When a kitten is born, it knows nothing of the world around it. However, it does know enough to stay close to its mom and the milk bar. The only important task for the kitten during the neonatal period is to (subconsciously) maintain a degree of physiological balance. Nursing and sleeping are about all a kitten is capable of at this stage.
After a week or ten days of hanging around mom, the kitten’s eyes and ear canals open and it begins to process information about the surrounding world. Reflexes and mother’s care have brought the kitten thus far but increasingly, know-how, including the establishment of proper relationships with others, becomes necessary for its continued success in life. The first and most important relationship a kitten forms is with its mom.
If a kitten is separated from its mom, she will retrieve it. If it cries, she will attend to it. If it is hungry she will feed it. The kitten’s trust and reliance develop quickly as mom invariably finds a way of providing for the youngster’s every need.
This mutual interaction brings satisfaction and relaxation to both the mother cat and kitten. A strong bond develops and the kitten no doubt feels at one with its epimeletic parent. For kittens, mistrust of unfamiliar individuals begins to develop around 5 – 7 weeks of life. This is a necessary development to protect the youngster from those that would do it harm.
The original bond a kitten has with its mom is the most important one it will have. If, when the kitten cries, its mom routinely responds, it will develop confidence. If she grooms it regularly, its nervous system will literally sprout. If she’s always right there when the kitten turns around for assurance, it develops confidence. Well-tended kittens have higher self-esteem, are smarter, and seem to regulate their emotions better. A “functional” kitten – one that can make its own way in the world – is the result.
Over time, kittens’ relationship with their mom progresses from one of simple devotion and dependence to a more voluntary affair. Their association with mom becomes more of a friendship between individuals who enjoy each other’s company. Somewhere along the road of development, usually between 3 and 6 weeks of age, kittens learn social etiquette from playful interactions with their siblings.
But an interpersonal cataclysm lies in waiting for most young kittens. At the relatively tender age of 8 weeks, most kittens are adopted by well-meaning humans who try their best to make the kitten’s transition from it mom and littermates as painless as possible. But strangers are no substitute for the kitten’s own family. Some early separation distress is almost inevitable and will be witnessed by the kitten’s new family as crying, especially at night. Ill-informed friends may advise, “Let the kitten cry. She’s got to learn. You don’t want to make a rod for your back, do you?” Nothing could be further from the truth.
At this stage, you (the parent stand-in) must tend to the kitten’s demands, just its mom might have. This way, you keep the kitten on the right track regarding its intellectual and social development. One of the great spins-offs of providing such care is that the kitten will re-attach to you, the new provider, and will turn out every bit as confident and self-sufficient as its real mom would have liked.

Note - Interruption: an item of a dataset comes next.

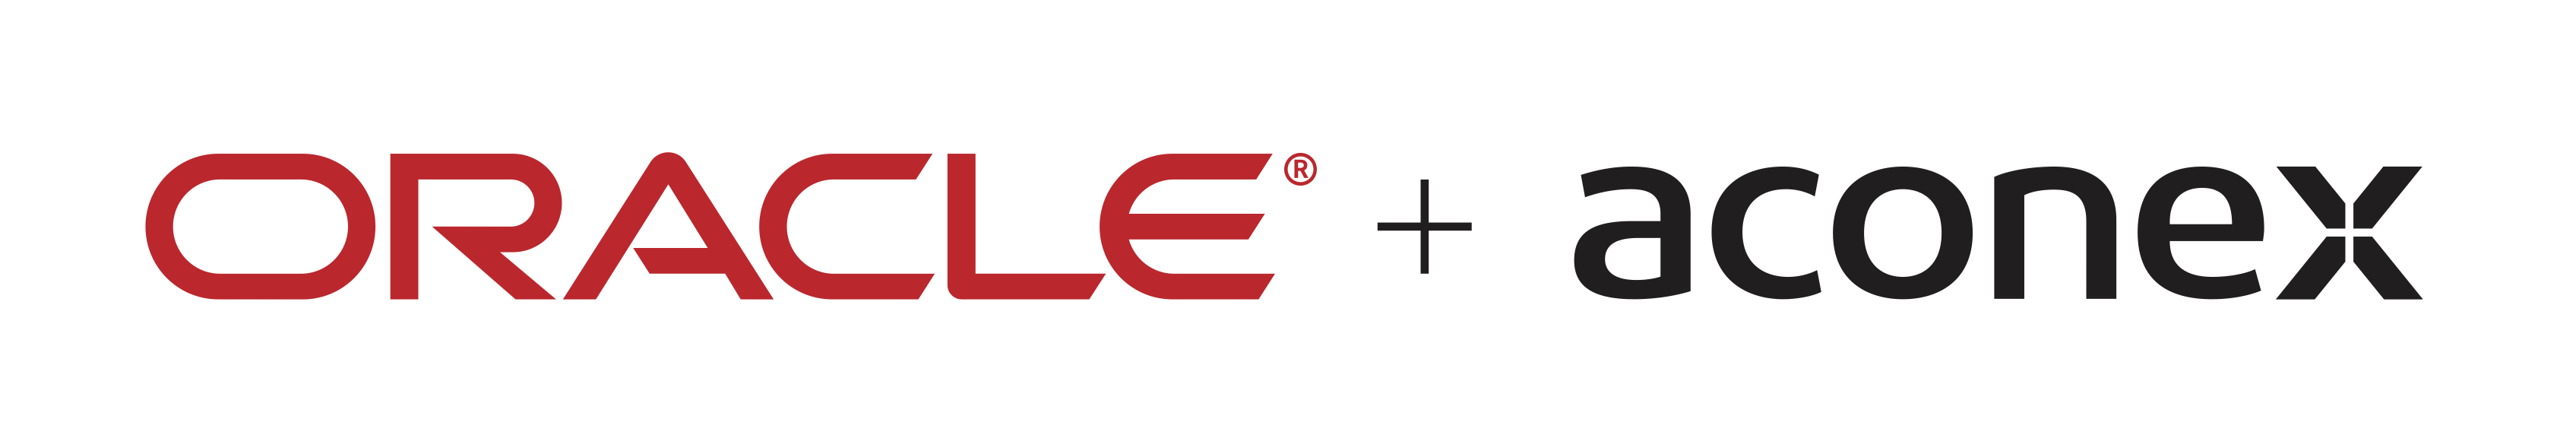 Aconex-logo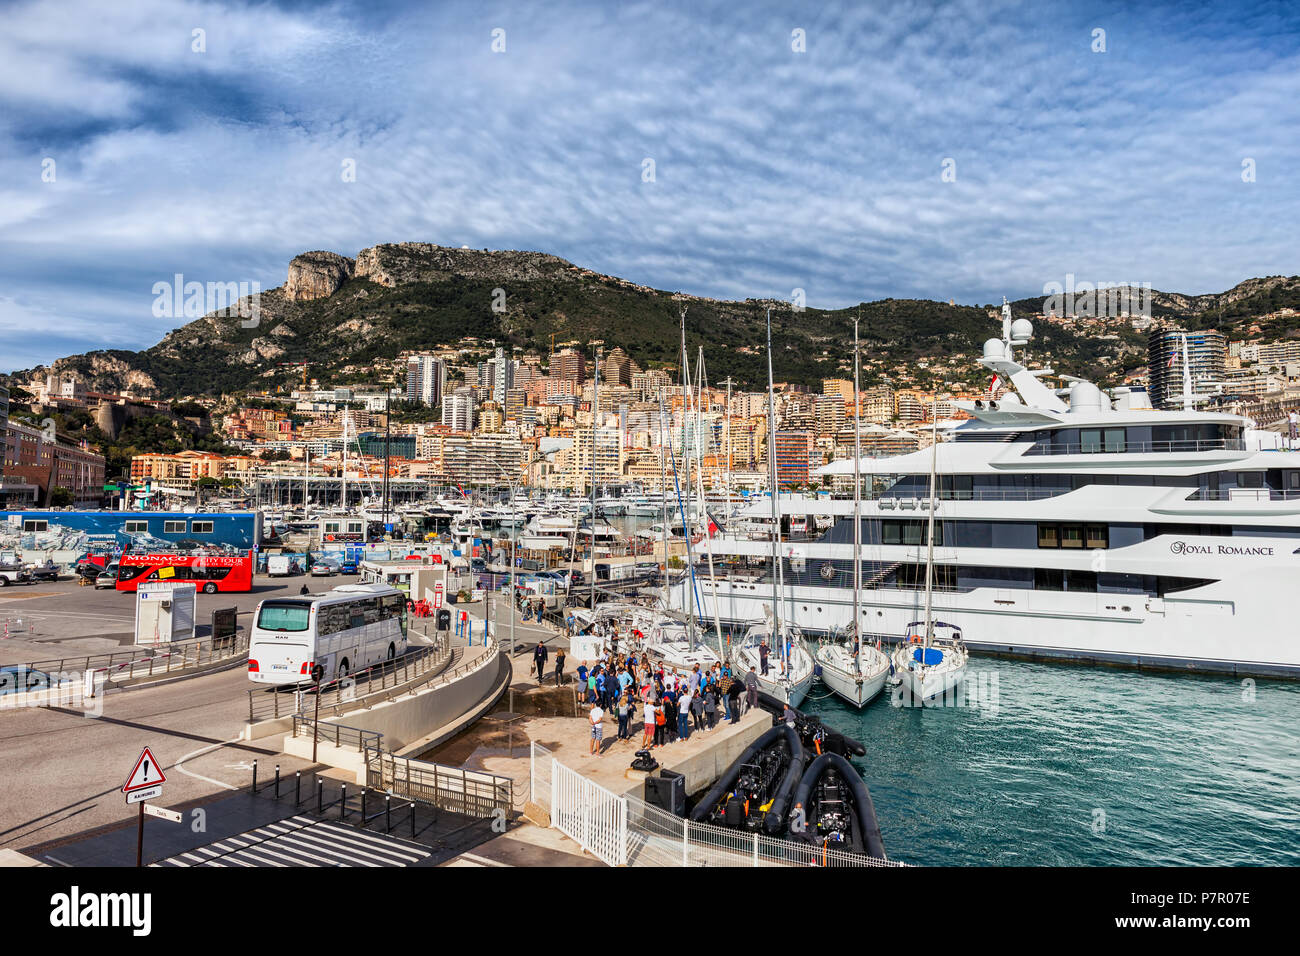 Principality of Monaco quay, yacht and sailing boats at Port Hercule on Mediterranean Sea, Europe Stock Photo

Imprinting, an elemental form of bonding, occurs most readily during a sensitive period of development. If the time and circumstances of an initial introduction of animals is appropriately staged, it is quite literally possible to have a lion lie down with a lamb. With this in mind, it’s almost child’s play to have a cat bond with a cat – subsequently learning to be accepting of cats in general. All you have to do is arrange for benign introductions to occur during the sensitive period of development. The sensitive period for such learning to occur in cats is between 2 – 7 weeks of age. During this time period, owners can engineer all kinds of useful friendships between animals of the same or different species.
As many owners already know, cats don’t just bond to their moms or to their human owners. They may also bond to other cats. So powerful can such bonds be between individuals that they may show separation anxiety if separated. This is not a bad arrangement until longterm separation through illness or death becomes inevitable. In such cases, cats must be trained to develop new bonds with either other cats (a new kitten, perhaps) or new human acquaintances. In severe cases, antidepressants may be needed to help such formerly bonded cats around this sharp corner of life.
If all has not gone according to plan for a kitten, by way of bonding experiences in early life, all is not lost. Many dysfunctional cats who start out overly dependent on their human caregivers can be retrained to develop confidence in themselves, they can be trained to be independent i.e. to stand on their own four feet. It’s damage control for sure, but it works. Whatever they say, you can teach and old cat new tricks, though it may take a bit longer.